The runners-up in the category, while still staggering prices, represent a comedown from these artists’ market highs between 2013 and 2015. The fact that so much of the material offered in the evening sales carries some form of guarantee (including the Basquiat and the Warhol) has muted saleroom drama and fuelled complaints that the top end of the market is essentially a closed system. Bigger movements and pleasant surprises can be found below $5m, as seen with new records for Njideka Akunyili Crosby, Carmen Herrera, Lee Krasner, Kerry James Marshall and Laura Owens, while a rebound in day sales bodes well—at Phillips, the New Now emerging art auction in December notched its highest-ever total in London—with potential for more diverse evening sales in future.

Photography

  1. Man Ray, Noire et Blanche (1926), €2.6m ($3.1m), Christie’s Paris, 9 November
  2. Man Ray, Portrait of a Tearful Woman (1936), $2.1m (£1.6m), Christie’s New York, 17 May
  3. Richard Prince, Untitled (Cowboy) (2001), $1.8m (£1.3m), Sotheby’s New York, 18 May
  4. Gilbert & George, Shag Stiff (1977), $1.5m (£1.1m), Sotheby’s New York, 8 March
  5. Gilbert & George, Red Morning (Hell) (1977), £848,750 ($1.1m), Christie’s London, 3 October

Man Ray still reigns supreme over the classic photography market, and Noire et Blanche (1926) is an archetypal example of his stylish, yet disconcerting work. It is, perhaps, the definitive Surrealist image—the great bohemian muse Kiki de Montparnasse’s face echoed by the African tribal mask that she caresses. It was first published by French Vogue in 1926, and the example at Christie’s Paris, one of the earliest of 24 made, was bought in 1926 by the French fashion designer and collector Jacques Doucet, later owned by the milliner Suzanne Talbot and appearing at Christie’s as part of the Thomas Koerfer collection.

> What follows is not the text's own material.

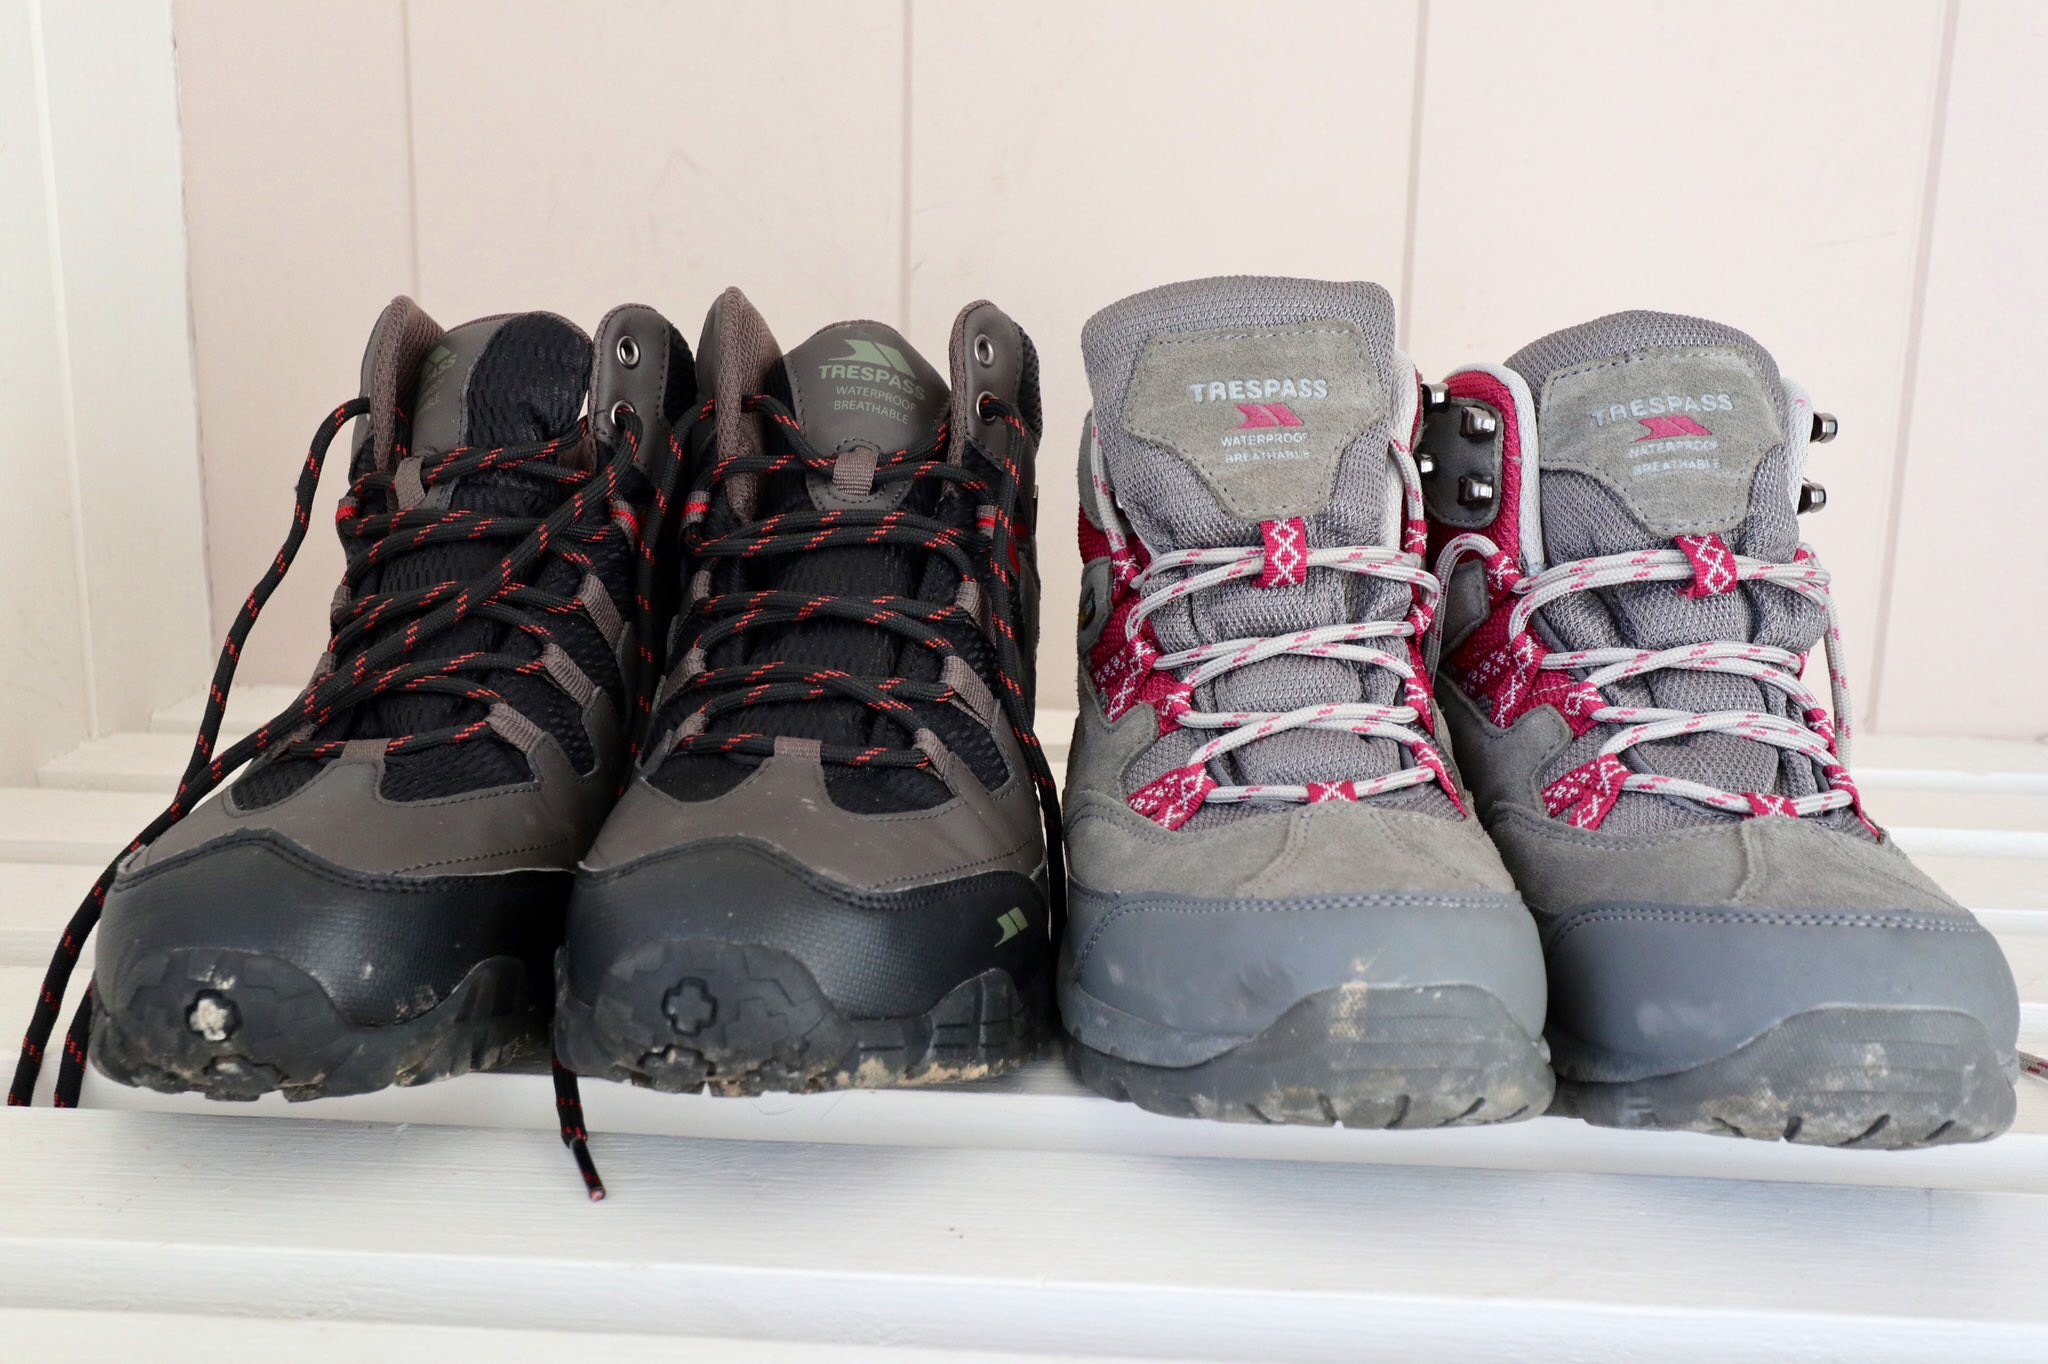 Walking Boots at Keswick Reach Lodge Retreat, The Lake District

The result trounced the previous auction price for an early print of Noire et Blanche—$396,000 in 2007—showing just how much Man Ray’s market has risen in a decade. The most expensive photograph ever sold in Paris, Noire et Blanche set an artist record for Man Ray and a new high for a classic photograph, although the overall record is still held by a contemporary work: Andreas Gursky’s huge Rhein II, sold at Christie’s New York for $4.3m in 2011.

Elsewhere, there were strong prices for Gilbert & George—seemingly ubiquitous in their anniversary year of 2017—with two large-scale composition works from 1977 leading the way.